Fraunhofer wheel simulation program calculates position and curvature of the individual polymer fibers.
Seamless flexible cans help retailer Aldi Süd cut transport costs and increase packaging cycle.
Vehicle wheel rims from fiber-reinforced plastics have reached a stage where they could give traditional steel or aluminum a run for their money. According to researcher Andreas Büter at the Fraunhofer Institute for Structural Durability and System Reliability (LBF; Darmstadt, Germany), such wheels, as manufactured on a test basis since 2001 by BTE Hybrid-Tech (Grube, Germany) from sheet molding compound with glass-fiber reinforcement (the second generation uses carbon fiber), can offer high specific strength at lower weight than metal alternatives.
So far the wheels have chalked up more than 250,000 km (155,000 miles) during tests but they still have not received the nod of approval from Germanys technical inspectorate, TüV, which so far is unwilling to accept the same test methods used for metal wheels for evaluation of plastics composites versions. Büter believes that may change in two to three years.
Together with other Fraunhofer Institutes, LBF is developing a simulation method that, he says reliably predicts the quality of rims and how they take punishment such as curb impact, potholes, and road salt. First we will produce a computer tomography image of the wheel.

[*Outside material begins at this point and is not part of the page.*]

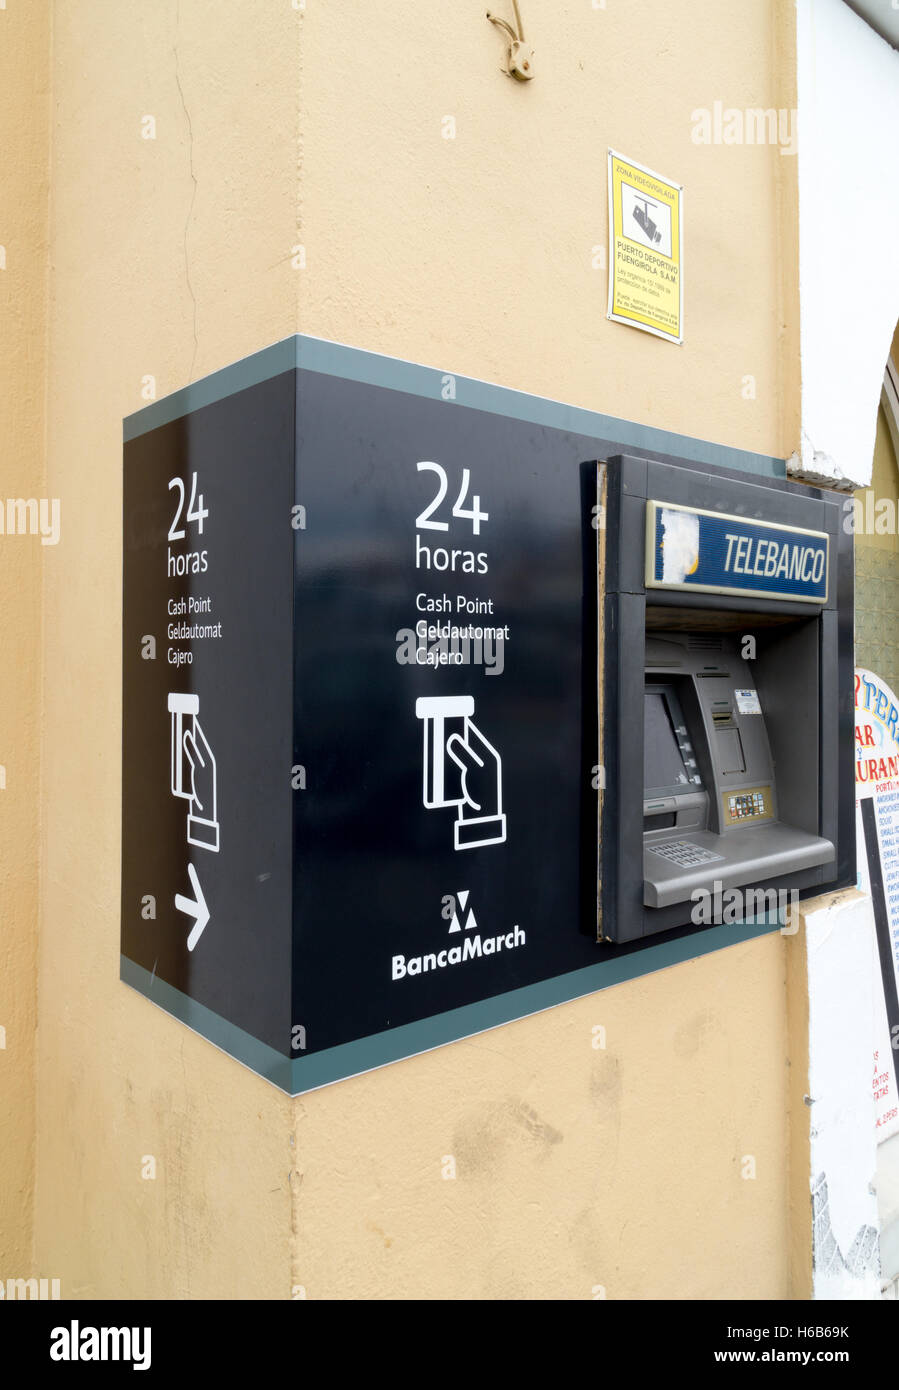 Spanish Telebanco 24 hour cash machine or ATM in Spain Stock Photo

It enables ascertaining length, alignment, curvature, and density of the fibers [which are] crucial for the strength and load capacity of the material, Büter says.
Based on these results the LBF simulates the microstructure of the material in a virtual unitary cell which, for the first time, permits depiction of arbitrary material configuration.
Applying the unitary cell results, the LBF can use a numerical component model to simulate how the wheel handles road curves or crash behavior. The program, LBF Wheel Strength, calculates stress and elongation occurring in the material under various loads. Büter says the simulation method is transferable to most reinforcing materials such as glass, carbon, or aramid fibers. Simulations are followed by physical tests.
Laminate packs greener cup of coffee
Taking stand-up pouches yet one step further, retailers are considering flexible cans to green some of their packaging solutions. That is what international food discounter Aldi Süd (Ketsch, Germany) is doing to pack coffee pads in a seamless, round film tube. The PET/tie/aluminum/ tie/polypropylene (PP) laminate Cyclero film concept was developed by web processor Huhtamaki Deutschland (Ronsberg, Germany), with equipment partners Aisapack (tube-making machinery; Vouvry, Switzerland), Landenberg Verpackungsmaschinen (Wipperfürth, Germany), and Herrmann Ultraschalltechnik (welding equipment; Karlsbad, Germany).
The coffee pads for Aldi are packed at rates of 60/min in the flexible cans. The tube is formed from the film laminate and top bases are die cut for sealing by ultrasonic welding to the tube. A form-fill-seal machine stacks the pads in the modified atmosphere tubes, injects nitrogen to prevent oxidation, and welds the other end to form the flexible can packaging.
Aldi opted for ultrasonic welding because compared to heat welding there is neither heating up nor cooling down time required, making cycle times faster. Martin Fischer, marketing manager at Herrmann, says Aldi has been able to assemble double the weight of coffee pads, compared to previously used brick packs or paperboard, on a single pallet.